The semester has started, and we’re all busy with classes, assignments, grading, and deadlines. But don’t miss this advice from Sara Rose Cavanagh: “Once you’ve hit the groove in your semester where everything is running smoothly,… shake things up.” Her advice guide, How to Make Your Teaching More Engaging, offers more.
More engagement ideas can be found in the Flexible Instruction Teaching Guide developed by the Dutton Institute learning designers.
If you’re concerned that this will take more time than you’ve got, never fear! In February, Teaching and Learning with Technology (TLT) will be holding sessions on areas of interest to the University community, including a session on Time Management Strategies for the Busy Engaging Instructor.

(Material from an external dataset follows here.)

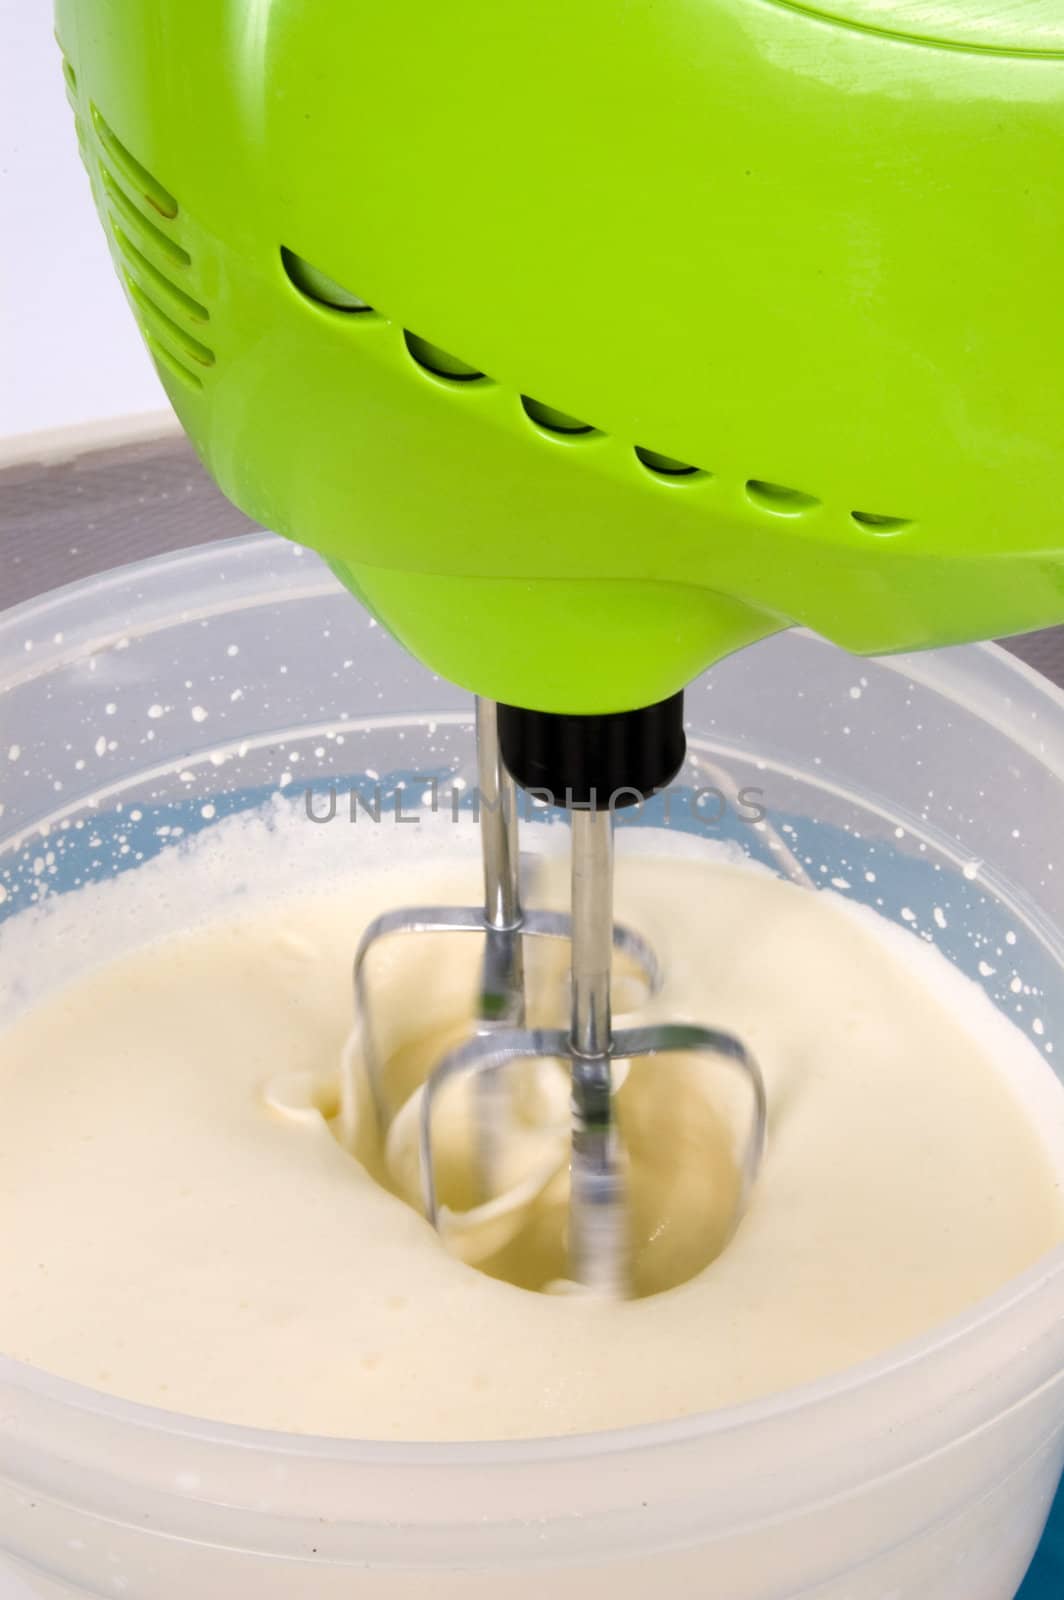 mixermachine is making whipped cream by ladyminnie

And don’t forget Sara Rose Cavanagh’s The Spark of Learning: Energizing the College Classroom with the Science of Emotion, which is available as an e-book via the Penn State Libraries.
If you offer extra credit opportunities for your students, take some time to evaluate your practice with a critical eye. The article Use Revise and Resubmit Instead of Extra Credit makes an excellent case for motivating students with rewards for persistence instead of awarding points for work that doesn't help improve deficiencies.
Maybe you use group projects to encourage collaboration and mirror "real-world" teamwork. But do you teach how to effectively engage in teamwork? The Chronicle of Higher Ed's Why and How to Teach Teamwork has ideas you can put to use immediately.
It's pretty well known that active participants learn more than passive listeners and that when students can discuss their ideas with their peers, knowledge is shared and misconceptions can be addressed and clarified. To help both of these things occur in your classroom, consider the brief advice in Three Questions to Help Facilitate Effective Classroom Discussions, which is focused on strengthening "students' ability to lead, critically think, and assess their own learning."
Advancing Inclusive Teaching
In an effort to better address inclusivity and accessibility, faculty development at Penn State World Campus will offer revamped versions of several of their courses, which take place online and are free of charge to Penn State faculty, staff, and graduate students. These courses provide valuable, practical information for all instructors (face-to-face and online). Registration is currently open for courses that run this spring! For more information, see the article Online Courses Include Focus on Inclusiveness, Accessibility.
Our own Schreyer Institute for Teaching Excellence offers Strategies for Inclusive Teaching, a resource designed to help instructors evaluate course content and materials, help promote opportunities for success, and to foster inclusivity. For a deeper dive, dig into A Tool to Advance Inclusive Teaching Efforts: The "Who's in Class?" Form. This short journal article cites reported benefits from use of the "Who's in Class" form, a tool (provided for you) developed to increase awareness of "learners' diverse attributes and identities" and the "implementation of inclusive teaching practices."